I'm sure there are a lot of folks using ipod mounts in their cars like me, and more will want them as time goes by, so I thought I'd just point out two excellent mounts and an excellent holder/dock that I've recently tried.

Kuda makes leather covered bases for an awful lot of cars, and to my mind, they're the most professional looking bases available. Of course, they are restricted to certain positions which vary from car to car, so if they aren't your cup of tea, take a look at the proclip versions. They're also very nice and for my car, they offered three different location options! Here is a link to KUDA KUDA USA, INC. - KUDA® car custom OEM leather mounts for mobile electronics 

As far as mounts go, if you're going with a straight ipod (no cover beyond a super thin film), the Dice Electronics mounts are really spiffy units... just like a dock and they have a built in ipod dock connector that diverts your cable so that it connects from behind the dock (facing backwards) making it easy for you to hide wires. It works with the most recent ipod classic models too, even though its not listed. They can be found on the KUDA site as well. If you want an adjustable unit that still has a quick release dock, check out the Proclip site - they have a couple different options that allow you to use a cover with your ipod and still fit precisely for easy removal.
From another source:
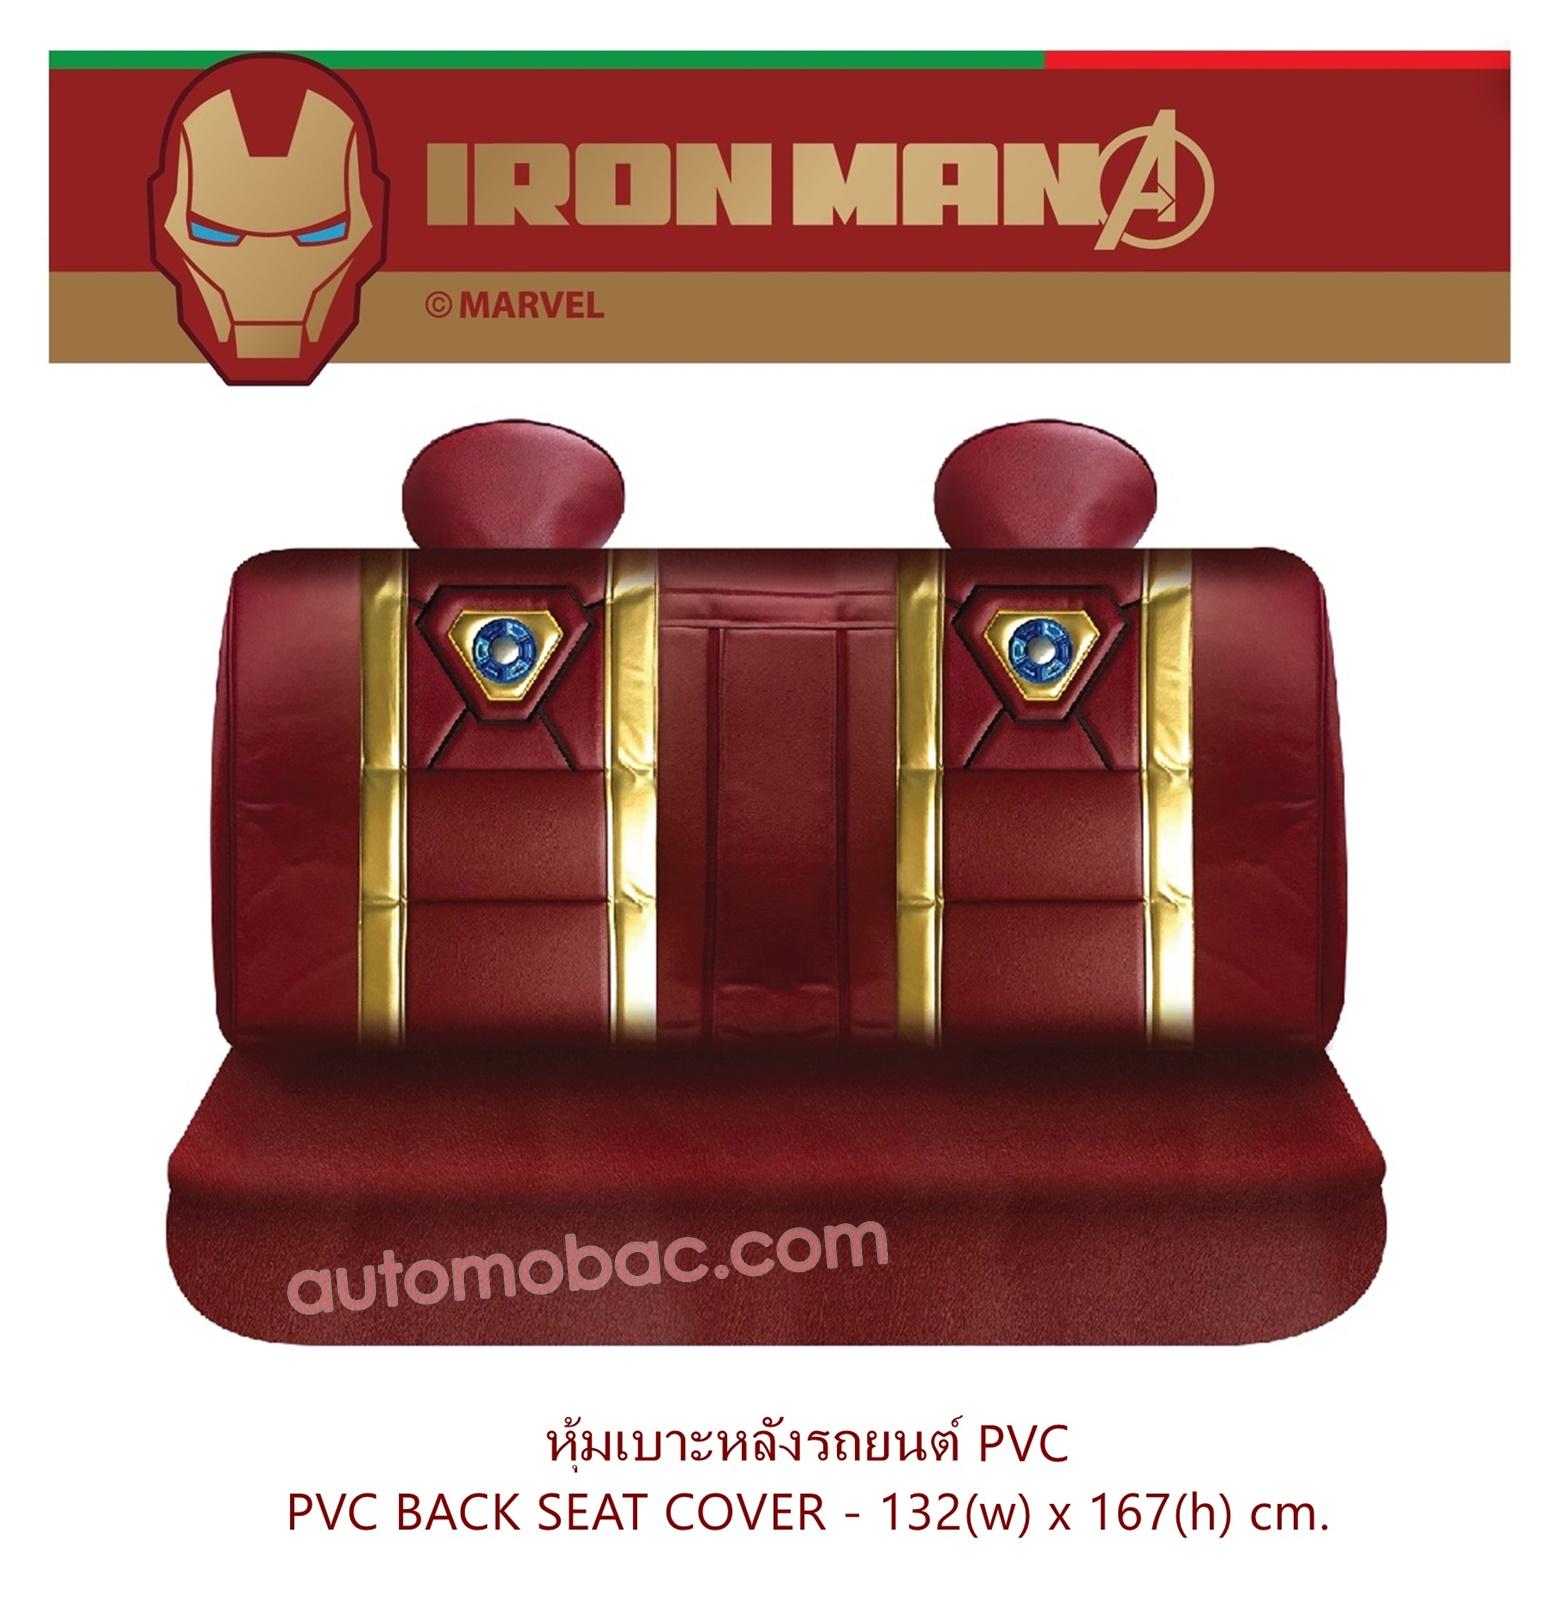 IRON-MAN ที่หุ้มเบาะหลัง งานหนัง PVC ใช้ได้ทั้งรถเก๋ง รถกระบะ 4D และรถเก๋ง 5D ถอดเบาะติดตั้ง

This item is the only one of these that I have not personally tried, but I suspect its done well based on the mount I bought from them. Actually, I'm using the Dice for my display ipod which holds all my music and is permanently in place, then I'll soon have the proclip version for another ipod that I'll take with me to listen to my audiobooks and other files that I want to bring along.

These are the best I found after a lot of searching, so I hope it helps someone out.

Merry Christmas or happy holidays!

Less aka Jim


----------



## t3sn4f2 (Jan 3, 2007)

Nice find! I wish they made the base in a plastic texture though. Think they would look better on dashes that don't have any leather or vinyl in the area. But I guess that's nothing a scissor, sandpaper, and some SEM won't fix.


----------



## less (Nov 30, 2006)

Lol, you can try the ProClip or ProFit models if you prefer plastic. I really liked the ProClip version for my car, but the KUDA just happened to be a little easier to see while driving - and safety is a pretty important factor when you already have to contend with snow and maniacs who're texting while they drive! 

My dash is mostly plastic or the new rubberized material - but the pattern blends in pretty well with it imho. The colors and reflectivity are very similar too.


----------